Byline: Kristi Ellis

LOS ANGELES — Roseanne said Tuesday in U.S. District Court here that she couldn’t remember whether she had ever read the sublicense or master agreement for the aborted large-size apparel line that was to carry her name.
“That’s why I have attorneys,” said the TV star who — along with her former husband, Tom Arnold — is suing New York apparel manufacturer Stanley Warner and his company, CelebSales Inc., which was to produce the line.
Roseanne and Arnold sued for breach of contract after Warner failed to make a $250,000 payment in March 1994.
Warner has countersued, charging that a magazine interview with Roseanne contained revelations about her life that he said diminished the value of the clothing line for middle America.
Roseanne, wearing a beige blazer over a long chocolate brown dress, was on the stand for about 10 minutes, playing to a packed courtroom. Under questioning by defense attorney Jed Schlacter, Roseanne claimed that the publicity about a three-way marriage between herself, Arnold and Kim Silver, a production assistant on Roseanne’s TV show, was “a joke.” Warner has alleged this publicity hurt the chances of the line as well.

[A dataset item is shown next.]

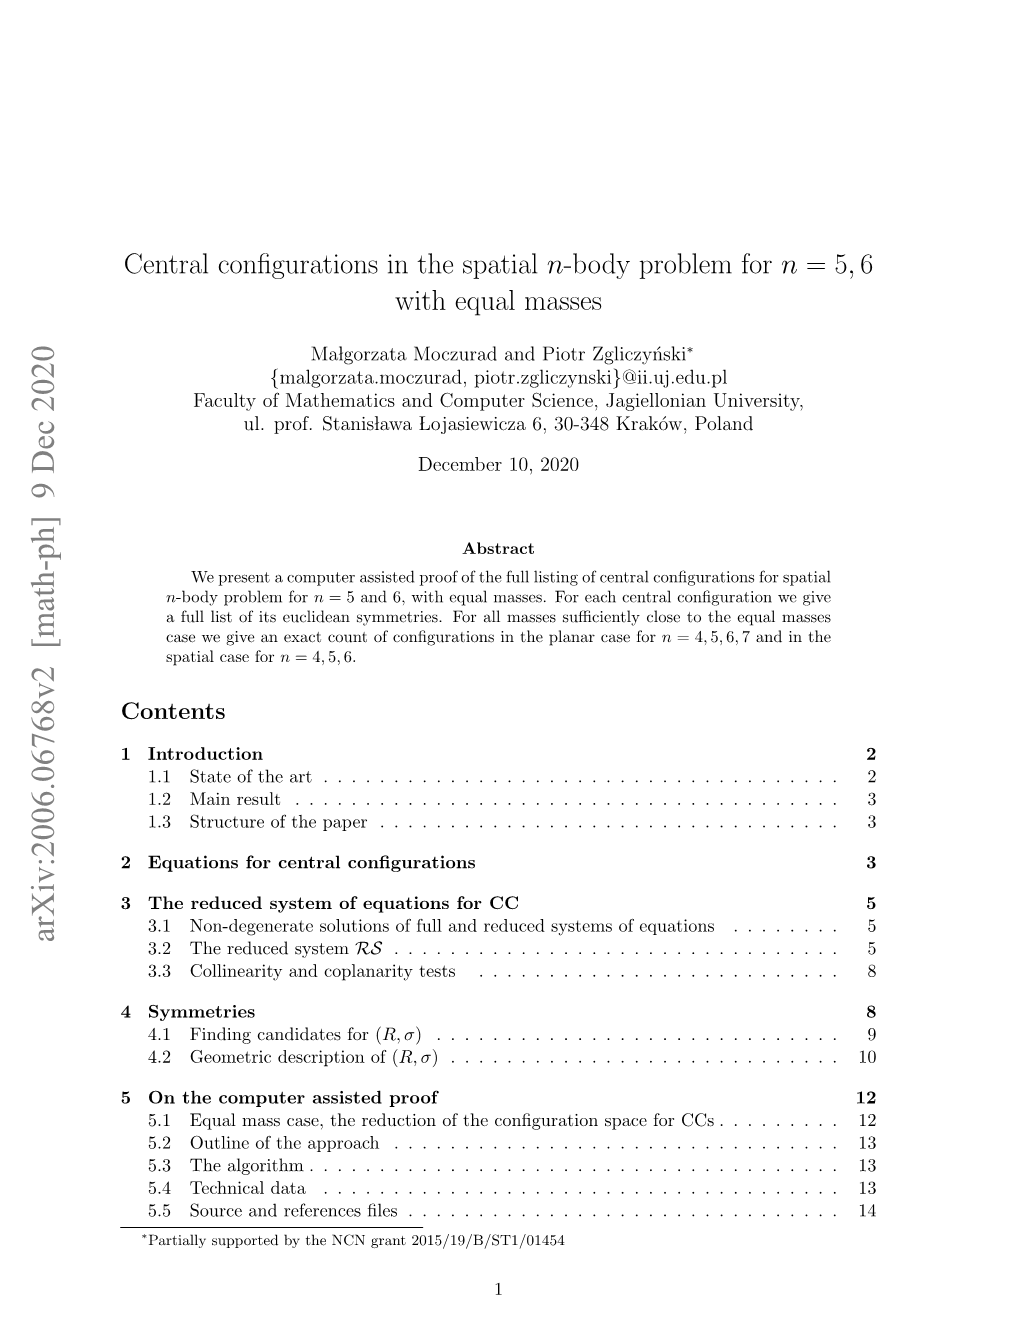 Central Configurations in the Spatial N-Body Problem for N = 5,6

The three-way marriage idea, she said, was “put out by Tom and me and picked up by the tabloids and blown into a story. It was something that didn’t exist.” Roseanne said the joke was told in front of a studio audience there for a taping of her sitcom.
Arnold was in court during Roseanne’s testimony, accompanied by his current wife, Julie Arnold, and is expected to testify today. Roseanne is also expected to be called back to the stand by her own attorneys.
Another witness Tuesday was Della Olsher, who had been hired on retainer by CelebSales to market the Roseanne Arnold collection and produce a launch fashion show.
Olsher said that although she had contact with Roseanne’s assistants she never talked directly with the TV star, although Olsher tried several times to do so in planning the fashion show.
“You have to have open communication to talk about ideas but there was no open communication. We were not able to operate effectively,” Olsher said.